=== Data below ===

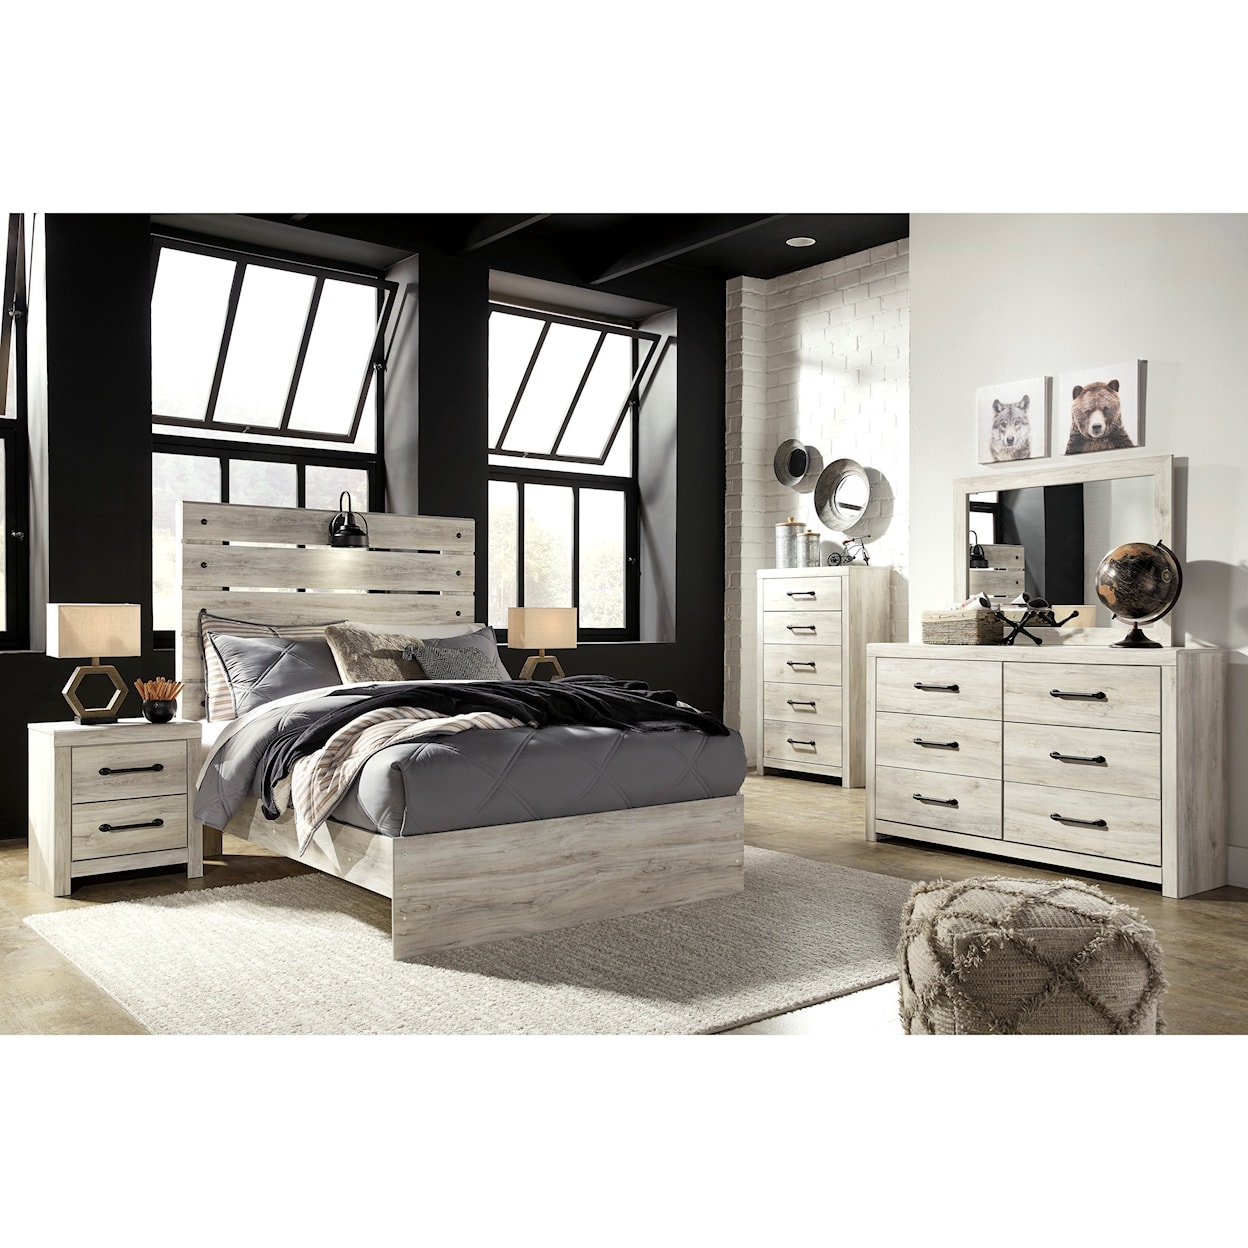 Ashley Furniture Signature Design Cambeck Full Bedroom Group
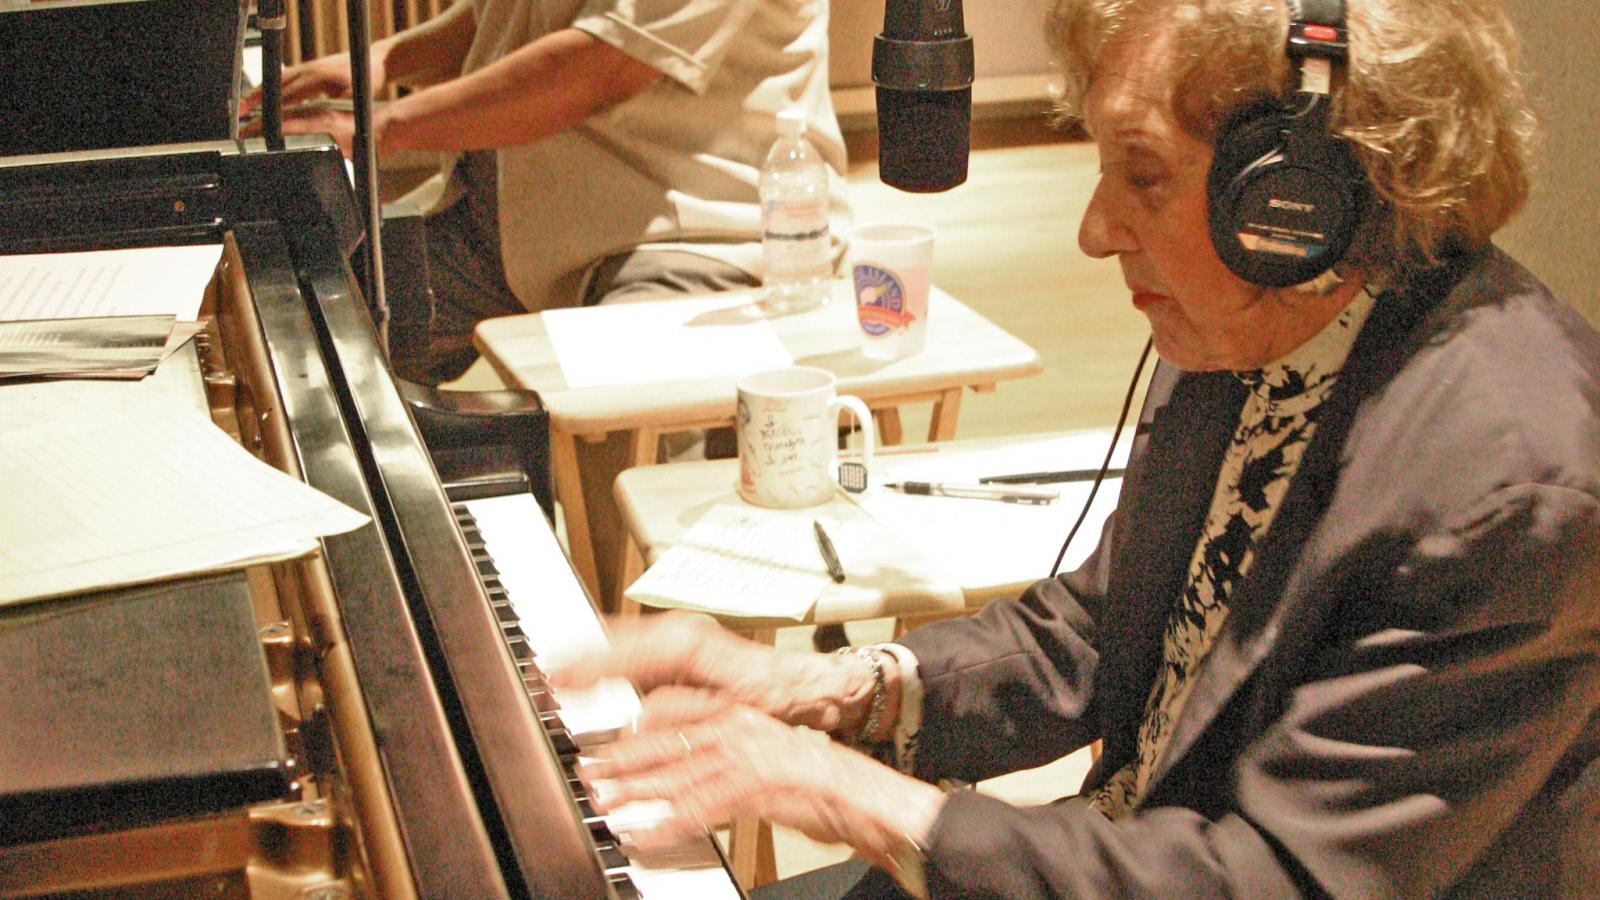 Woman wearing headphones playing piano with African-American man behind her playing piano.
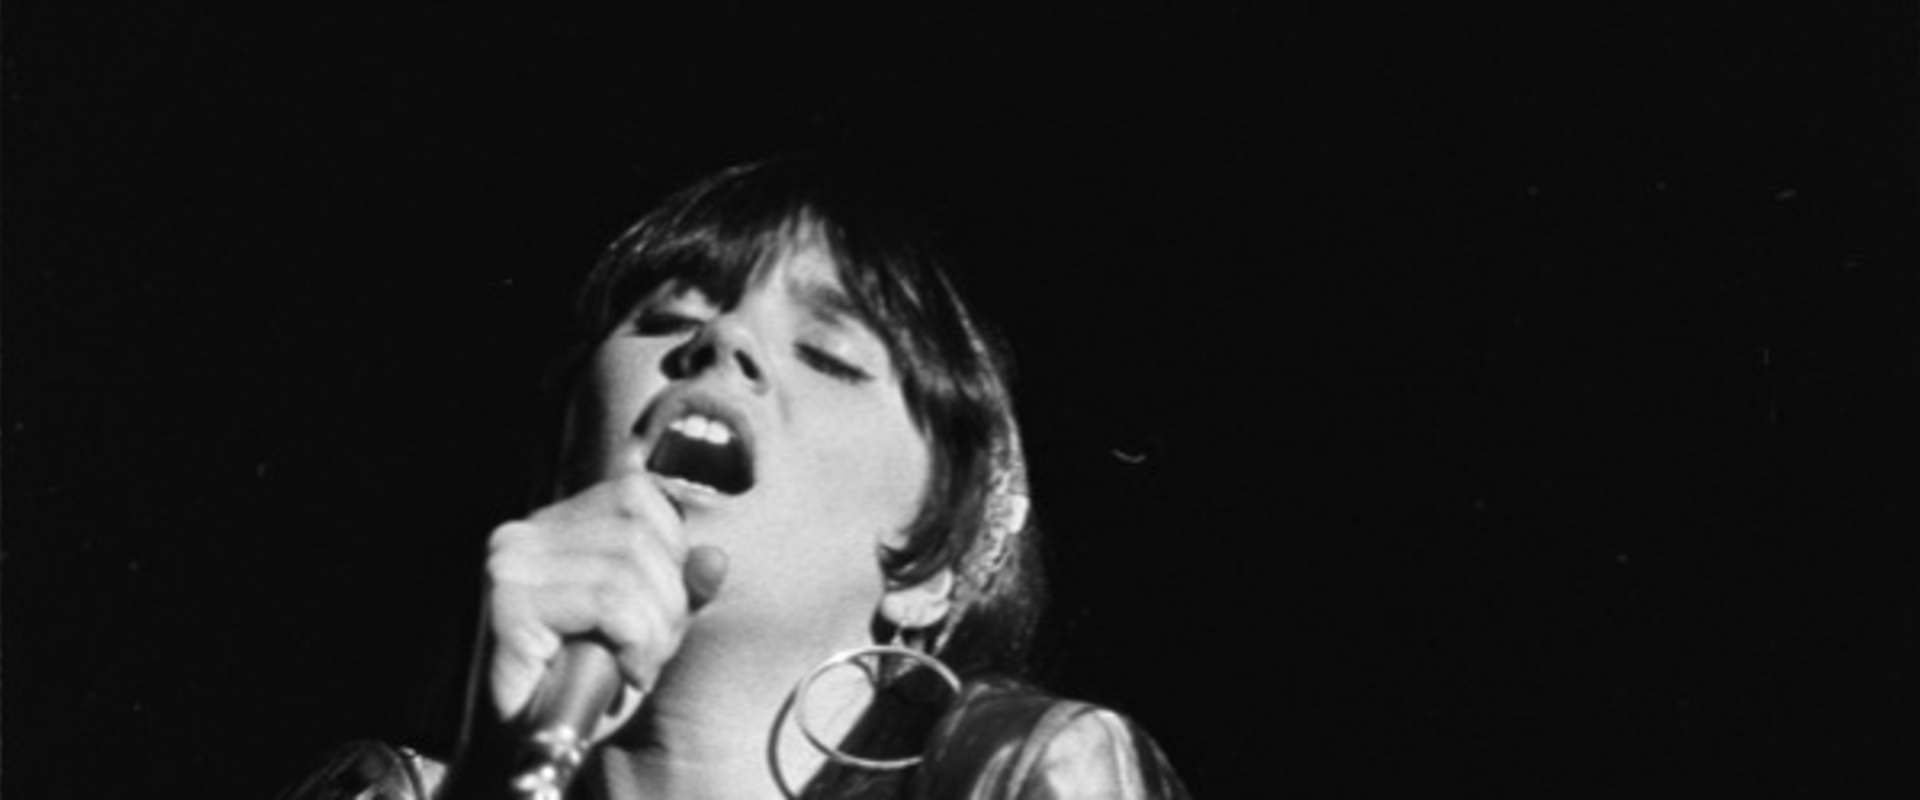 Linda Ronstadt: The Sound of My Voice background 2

===

Work task => An exact copy of every line above, minus the pictures, is the required output.

Result =>
 Ashley Furniture Signature Design Cambeck Full Bedroom Group
 Woman wearing headphones playing piano with African-American man behind her playing piano.
 Linda Ronstadt: The Sound of My Voice background 2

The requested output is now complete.